* _What you will do_:
Report, in full, each line of the material below in which the string "Sweater" occurs.

╭──

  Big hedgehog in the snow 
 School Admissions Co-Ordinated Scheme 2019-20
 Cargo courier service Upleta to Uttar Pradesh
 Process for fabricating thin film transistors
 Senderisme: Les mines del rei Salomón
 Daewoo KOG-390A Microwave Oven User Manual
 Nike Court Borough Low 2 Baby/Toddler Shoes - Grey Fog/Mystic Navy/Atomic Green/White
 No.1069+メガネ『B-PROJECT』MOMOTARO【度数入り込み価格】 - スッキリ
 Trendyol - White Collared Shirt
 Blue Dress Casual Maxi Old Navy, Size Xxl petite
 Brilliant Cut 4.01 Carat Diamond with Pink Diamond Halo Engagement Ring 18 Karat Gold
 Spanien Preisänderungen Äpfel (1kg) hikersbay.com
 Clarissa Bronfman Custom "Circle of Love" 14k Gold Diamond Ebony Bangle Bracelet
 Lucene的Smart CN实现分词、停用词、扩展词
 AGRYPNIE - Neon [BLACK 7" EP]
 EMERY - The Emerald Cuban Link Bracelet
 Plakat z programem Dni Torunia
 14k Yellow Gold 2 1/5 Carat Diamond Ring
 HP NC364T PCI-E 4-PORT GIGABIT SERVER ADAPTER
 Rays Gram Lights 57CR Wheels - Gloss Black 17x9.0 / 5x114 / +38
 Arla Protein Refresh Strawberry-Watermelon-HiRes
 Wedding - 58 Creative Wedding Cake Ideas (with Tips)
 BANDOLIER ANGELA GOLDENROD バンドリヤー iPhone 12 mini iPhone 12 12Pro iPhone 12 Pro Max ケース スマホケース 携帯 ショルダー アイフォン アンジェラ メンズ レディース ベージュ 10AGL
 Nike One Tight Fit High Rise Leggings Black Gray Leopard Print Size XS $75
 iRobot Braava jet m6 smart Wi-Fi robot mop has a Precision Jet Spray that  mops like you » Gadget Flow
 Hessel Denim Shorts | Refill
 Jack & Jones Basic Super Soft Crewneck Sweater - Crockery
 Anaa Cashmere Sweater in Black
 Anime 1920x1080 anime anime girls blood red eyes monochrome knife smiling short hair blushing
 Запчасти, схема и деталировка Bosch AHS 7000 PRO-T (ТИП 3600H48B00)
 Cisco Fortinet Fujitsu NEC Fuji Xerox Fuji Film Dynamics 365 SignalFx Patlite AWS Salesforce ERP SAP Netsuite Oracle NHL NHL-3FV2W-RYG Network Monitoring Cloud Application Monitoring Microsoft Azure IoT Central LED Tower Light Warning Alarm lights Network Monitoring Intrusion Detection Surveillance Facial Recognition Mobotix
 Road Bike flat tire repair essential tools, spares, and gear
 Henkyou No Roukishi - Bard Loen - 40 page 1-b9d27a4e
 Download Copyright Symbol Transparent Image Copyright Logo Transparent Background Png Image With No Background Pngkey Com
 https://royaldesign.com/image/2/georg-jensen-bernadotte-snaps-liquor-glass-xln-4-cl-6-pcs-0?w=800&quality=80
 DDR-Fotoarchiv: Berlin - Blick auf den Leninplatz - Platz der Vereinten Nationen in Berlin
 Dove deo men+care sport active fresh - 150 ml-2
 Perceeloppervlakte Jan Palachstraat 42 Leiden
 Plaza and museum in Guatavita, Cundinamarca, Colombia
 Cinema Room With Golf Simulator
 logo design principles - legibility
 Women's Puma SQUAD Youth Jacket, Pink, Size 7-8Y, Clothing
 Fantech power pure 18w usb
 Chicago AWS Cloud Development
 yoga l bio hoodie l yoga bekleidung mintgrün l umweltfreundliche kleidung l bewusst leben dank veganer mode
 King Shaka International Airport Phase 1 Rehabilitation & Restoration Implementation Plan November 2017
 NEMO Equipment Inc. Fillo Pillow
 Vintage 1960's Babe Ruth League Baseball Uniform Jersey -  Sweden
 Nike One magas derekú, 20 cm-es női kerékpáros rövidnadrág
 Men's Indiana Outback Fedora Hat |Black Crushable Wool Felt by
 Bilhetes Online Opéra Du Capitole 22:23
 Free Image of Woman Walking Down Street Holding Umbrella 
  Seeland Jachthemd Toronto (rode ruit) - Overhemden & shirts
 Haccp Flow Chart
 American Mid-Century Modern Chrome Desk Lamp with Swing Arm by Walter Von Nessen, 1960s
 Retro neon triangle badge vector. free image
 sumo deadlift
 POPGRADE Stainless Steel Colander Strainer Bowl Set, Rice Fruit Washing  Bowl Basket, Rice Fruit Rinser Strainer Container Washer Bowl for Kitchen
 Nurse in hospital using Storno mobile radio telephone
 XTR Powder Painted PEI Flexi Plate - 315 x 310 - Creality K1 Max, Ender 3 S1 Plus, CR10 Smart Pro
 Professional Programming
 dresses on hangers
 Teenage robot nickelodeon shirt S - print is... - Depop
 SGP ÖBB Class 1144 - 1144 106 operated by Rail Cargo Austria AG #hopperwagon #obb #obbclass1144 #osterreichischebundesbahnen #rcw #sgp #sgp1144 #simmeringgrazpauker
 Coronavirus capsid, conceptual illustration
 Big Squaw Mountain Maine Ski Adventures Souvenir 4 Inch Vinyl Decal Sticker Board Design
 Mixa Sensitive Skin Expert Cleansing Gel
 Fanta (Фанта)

╰──

* _Solution to this task_:
 Jack & Jones Basic Super Soft Crewneck Sweater - Crockery
 Anaa Cashmere Sweater in Black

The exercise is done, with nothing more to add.